%%

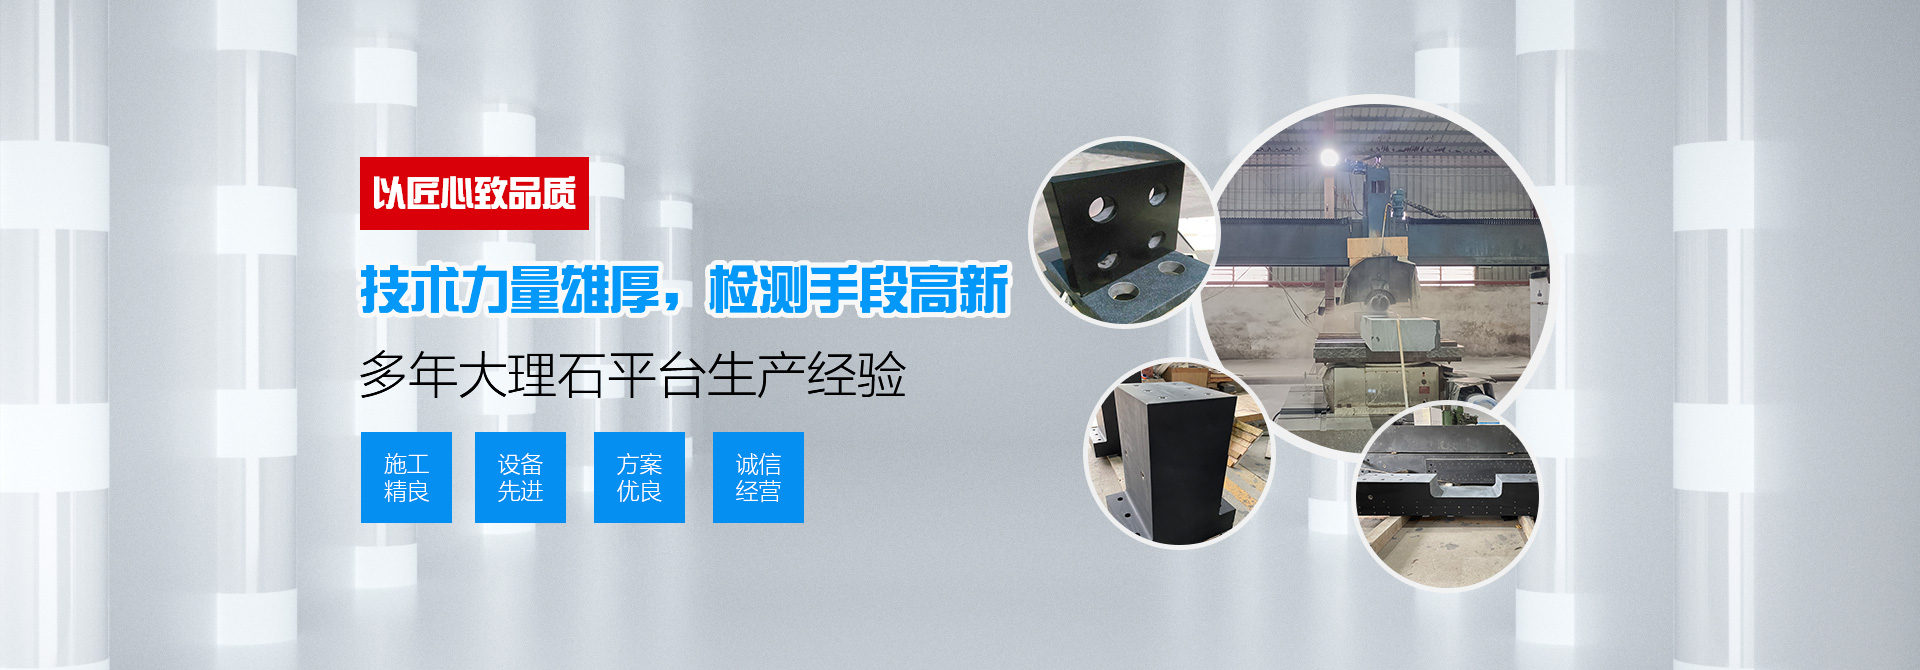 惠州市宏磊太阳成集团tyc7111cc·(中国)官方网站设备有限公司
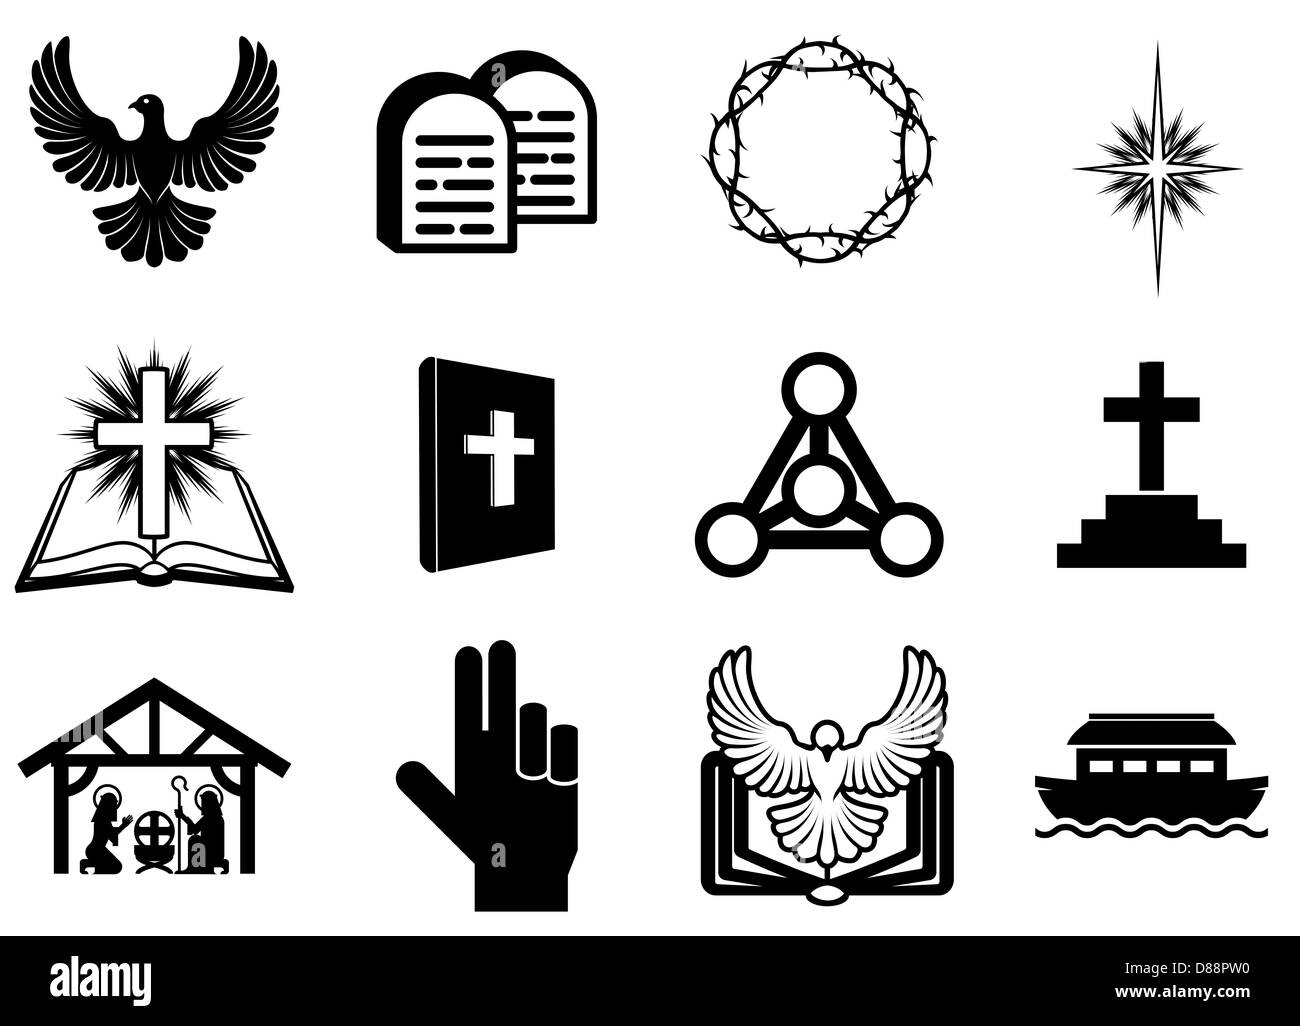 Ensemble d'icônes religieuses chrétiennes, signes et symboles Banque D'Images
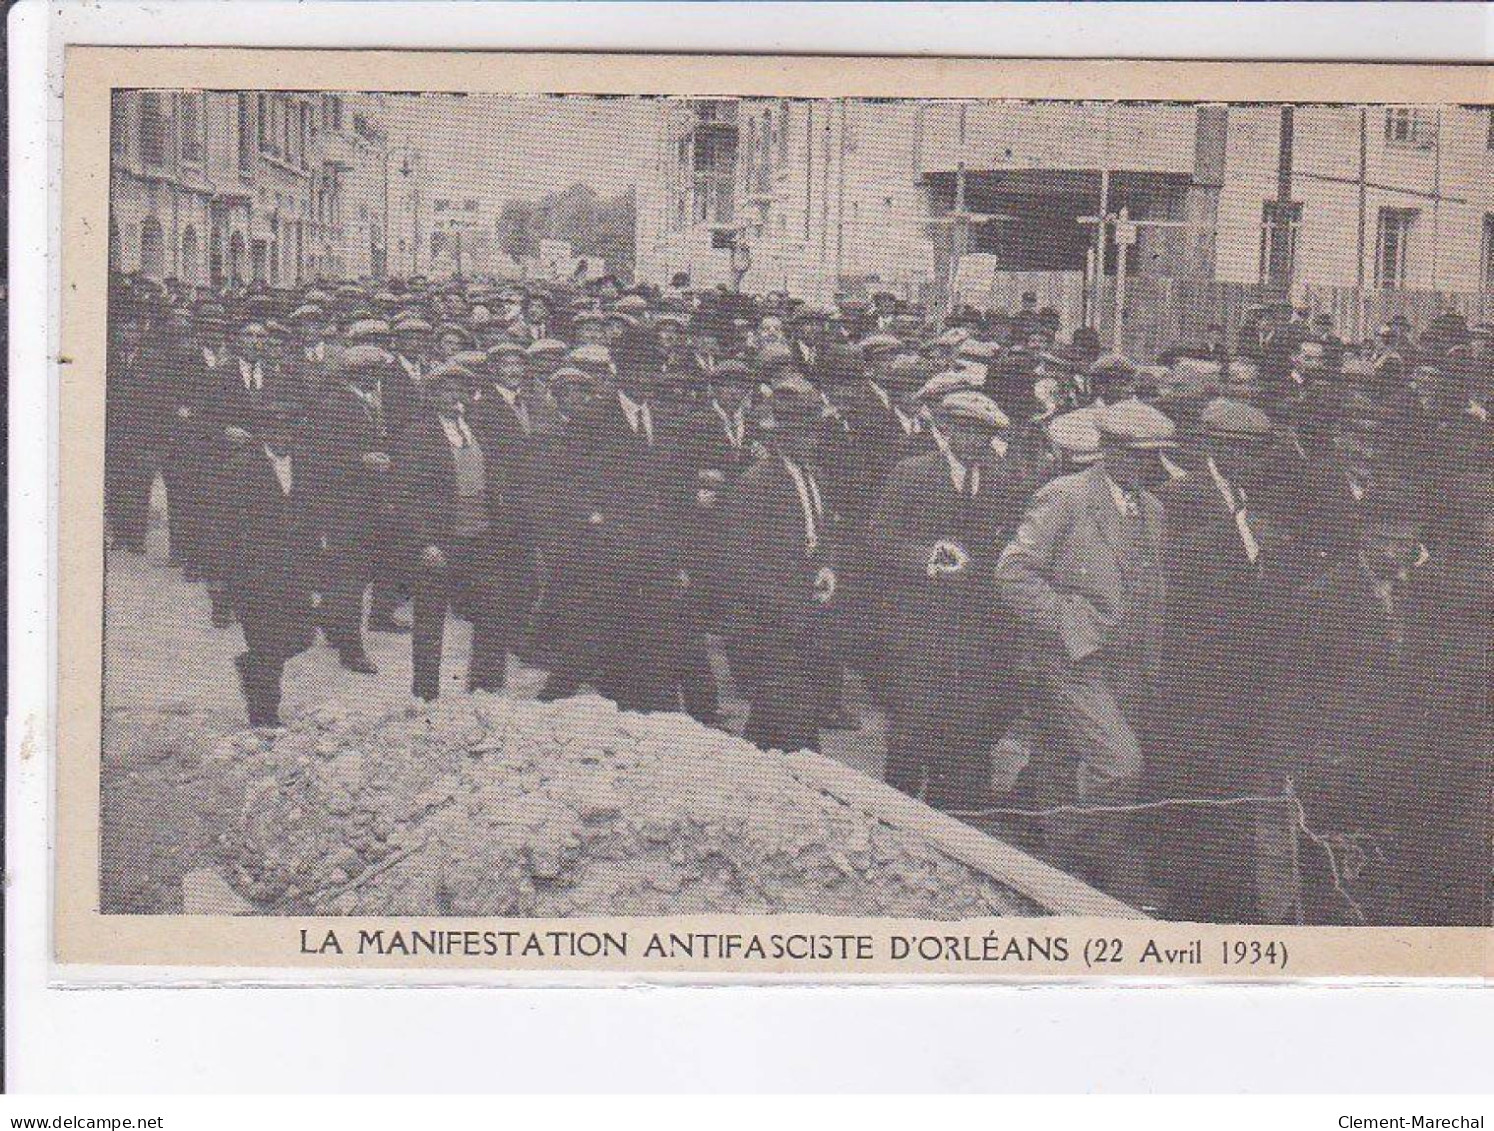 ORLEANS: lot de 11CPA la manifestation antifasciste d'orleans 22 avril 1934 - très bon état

%%

ACTIVITY — Exactly as written, restate all of the data, leaving out the images.

REPLY TO THE TASK —
 惠州市宏磊太阳成集团tyc7111cc·(中国)官方网站设备有限公司
 Ensemble d'icônes religieuses chrétiennes, signes et symboles Banque D'Images
 ORLEANS: lot de 11CPA la manifestation antifasciste d'orleans 22 avril 1934 - très bon état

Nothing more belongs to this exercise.